Postmenopausal women with hormone-sensitive early breast cancer who were switched to anastrozole after 2 years of tamoxifen treatment were 40% less likely to experience disease recurrence, compared with those who remained on tamoxifen, according to a combined analysis of two large European studies.
“There are two possible explanations for this finding: tamoxifen resistance might be overcome by a change in treatment; or aromatase inhibitors might simply be a better treatment option, since they reduce peripheral estrogen concentrations to extremely low levels, whereas tamoxifen is a partial agonist,” wrote the investigators, who were led by Raimund Jakesz, M.D., of Vienna Medical University, Austria.

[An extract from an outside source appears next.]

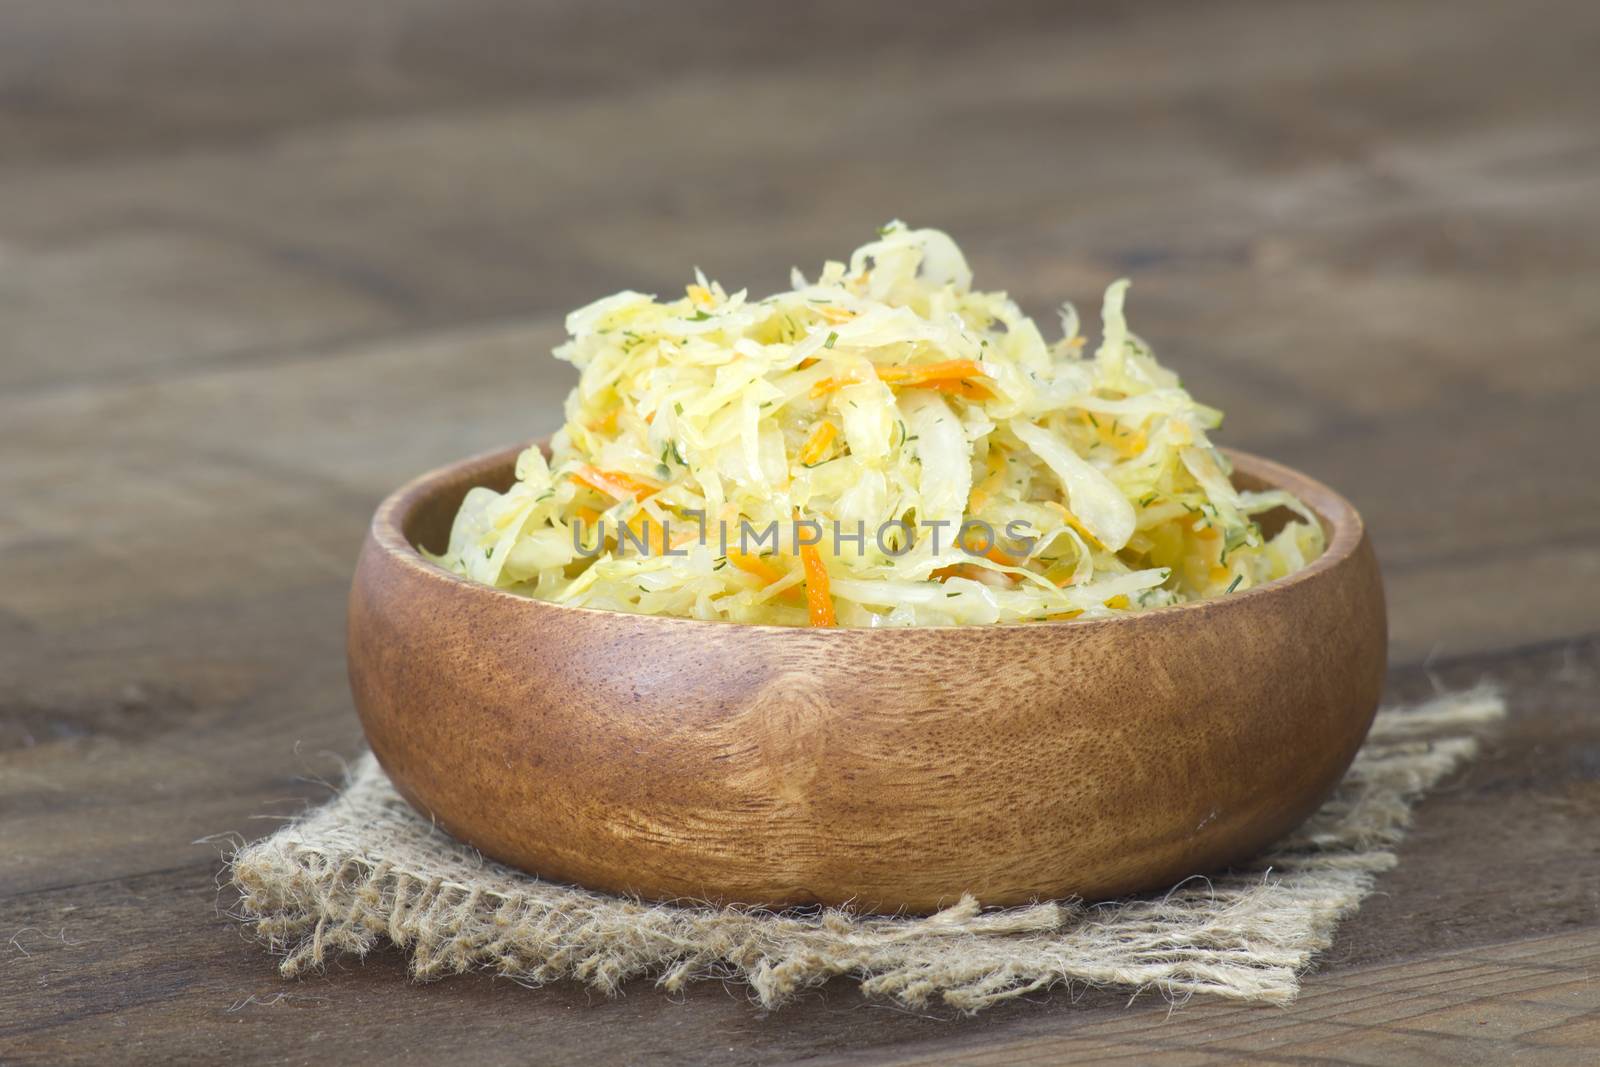 sauerkraut in a bowl

He and his associates studied the combined results of the Austrian Breast and Colorectal Cancer Study Group trial and the German Adjuvant Breast Cancer Group trial, which were both randomized, prospective, open-label trials with similar inclusion criteria.
Eligible patients were postmenopausal women with locally radically treated invasive or minimally invasive breast cancer without previous chemotherapy, hormone therapy, or radiotherapy. The cancers were hormone sensitive (Lancet 2005;366:455–62).
Of the 3,224 women who participated in both trials and who had completed at least 2 years of adjuvant oral tamoxifen 20–30 mg daily, 1,618 went on to receive 1 mg of the aromatase inhibitor anastrozole daily while 1,606 continued to receive 20–30 mg of tamoxifen daily for the remainder of their adjuvant therapy. The primary end point was event-free survival, which was defined as time to relapse at any site or incidence of contralateral breast cancer.
After a median follow-up of 28 months, there were 67 events in women who were switched to anastrozole, compared with 110 in those patients who remained on tamoxifen. This translates into a 40% decrease in the risk of an event for those women who were switched to anastrozole, compared with those who remained on tamoxifen.
“We noted significantly more fractures and significantly fewer thromboses in patients treated with anastrozole than in those who received only tamoxifen,” Dr. Jakesz and his associates wrote. “However, we also noted a nonsignificant tendency toward fewer emboli and endometrial cancers in women on anastrozole.”
The researchers also pointed out that the results of their investigation “apply only to those women who have successfully completed 2–3 years' adjuvant therapy for early breast cancer.
They added that the results are not applicable to newly diagnosed patients, and should not be used to support a treatment strategy of starting with tamoxifen with the intention of changing to an aromatase inhibitor after 2 or more years.
“Overall, however, the results of these studies show the efficacy advantages attached to treatment with an aromatase inhibitor. …”
Dr. Jakesz and his associates concluded that further investigation of aromatase inhibitors is needed in order to more accurately “ascertain the ideal sequence and duration” of therapy.